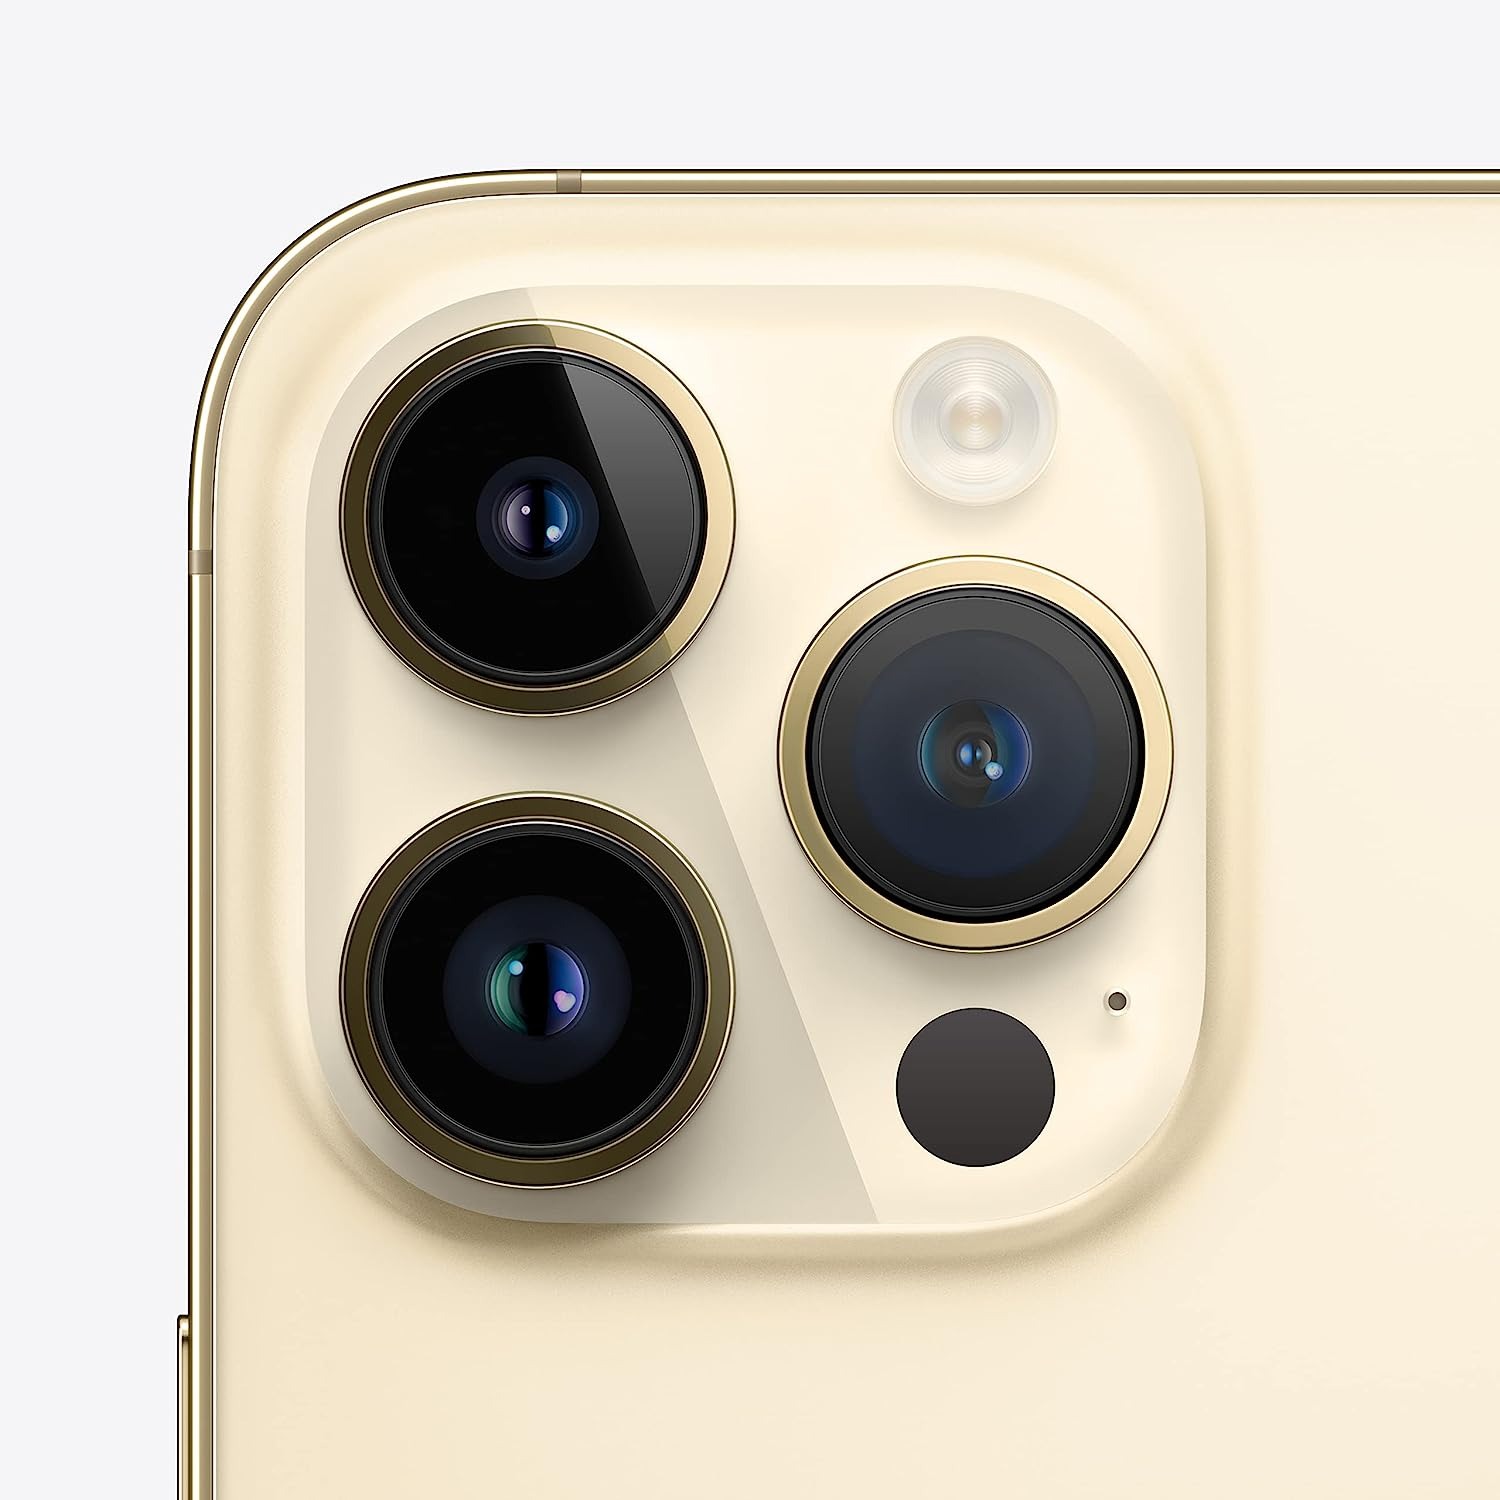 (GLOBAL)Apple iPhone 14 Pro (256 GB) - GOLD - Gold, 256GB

...

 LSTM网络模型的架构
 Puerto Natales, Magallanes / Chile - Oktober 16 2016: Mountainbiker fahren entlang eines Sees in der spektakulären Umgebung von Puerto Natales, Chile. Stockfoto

* * *

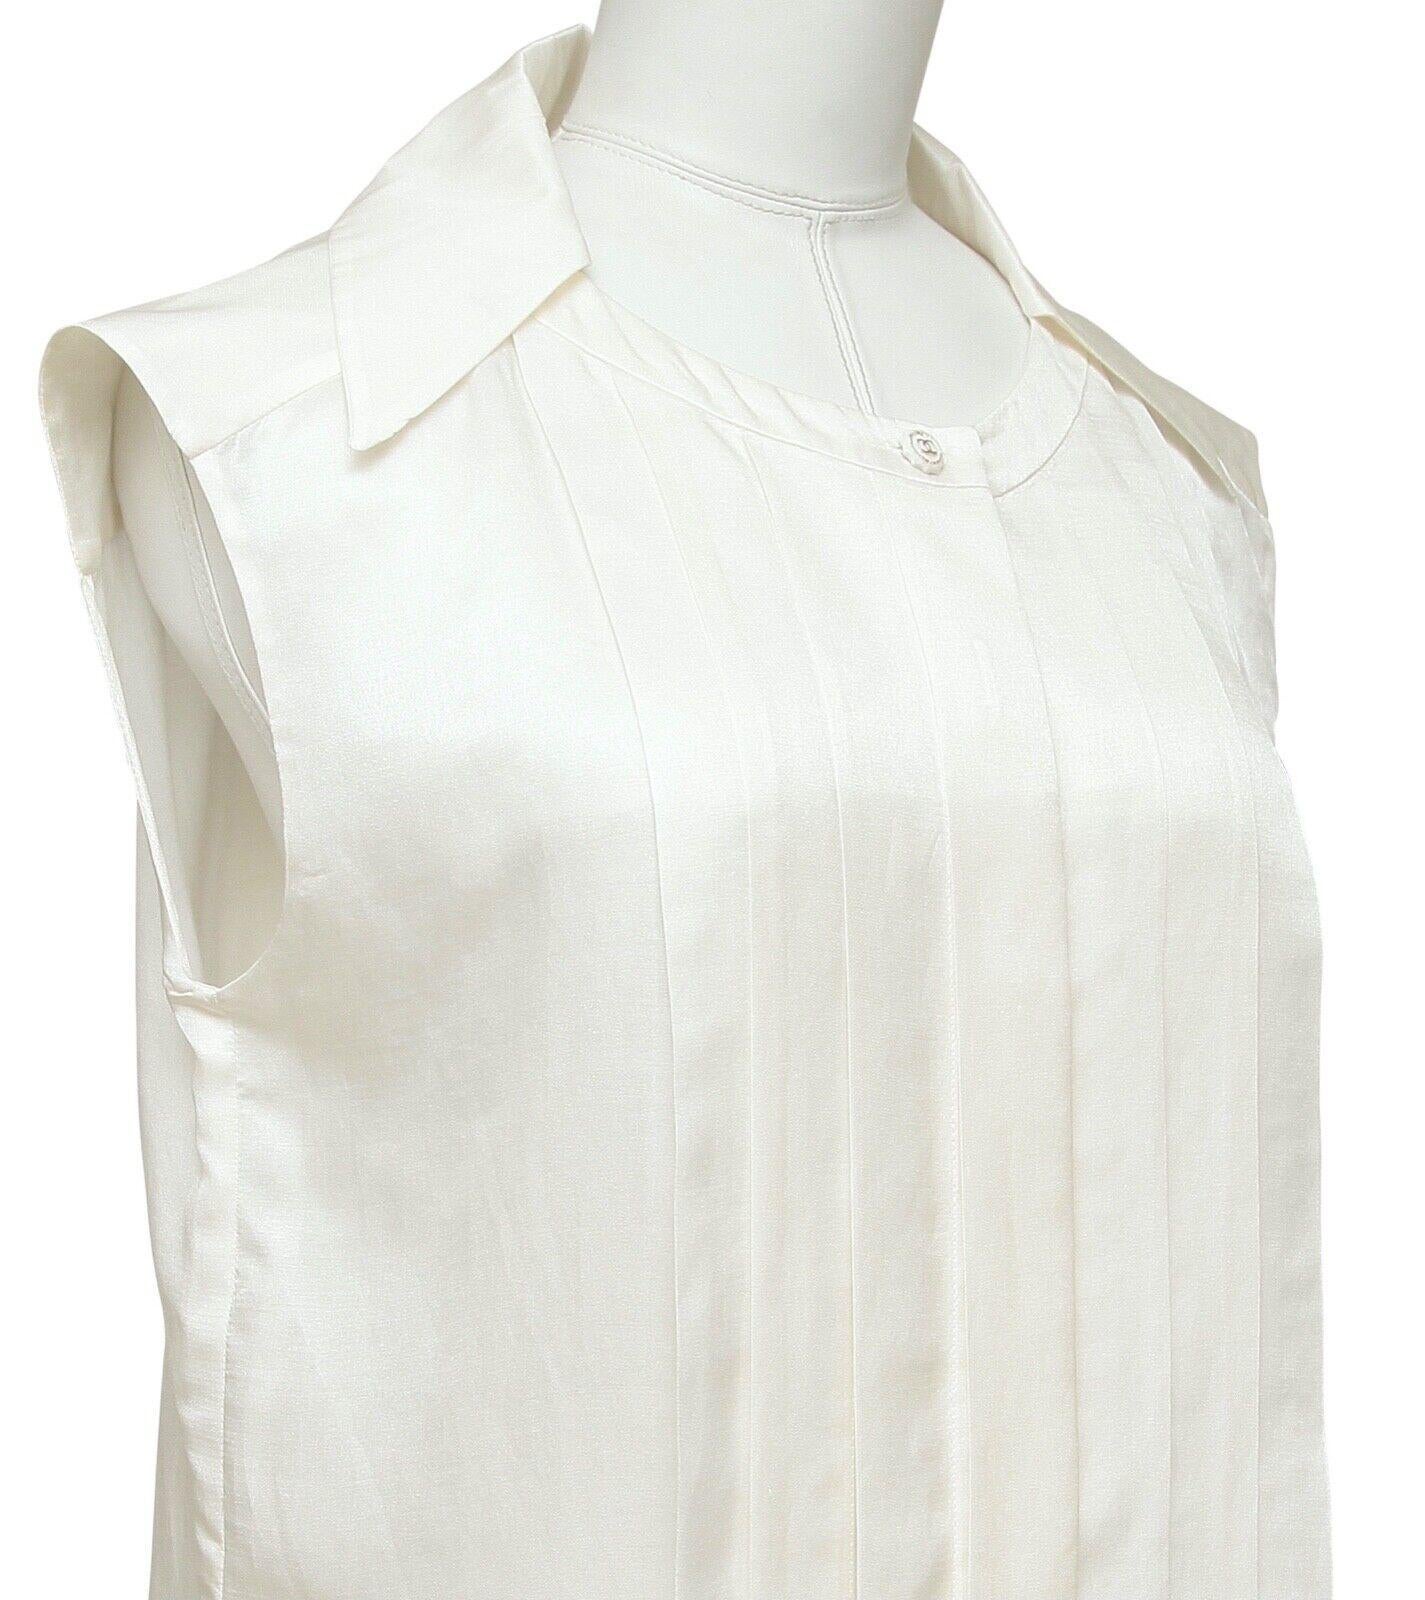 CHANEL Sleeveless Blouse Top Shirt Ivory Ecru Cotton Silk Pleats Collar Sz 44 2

● Work order
Your answer should be the lines above, from the line containing "LSTM网络模型的架构" up to and including the line containing "Puerto Natales, Magallanes", reproduced exactly and with nothing else.

● Answer to this problem
 LSTM网络模型的架构
 Puerto Natales, Magallanes / Chile - Oktober 16 2016: Mountainbiker fahren entlang eines Sees in der spektakulären Umgebung von Puerto Natales, Chile. Stockfoto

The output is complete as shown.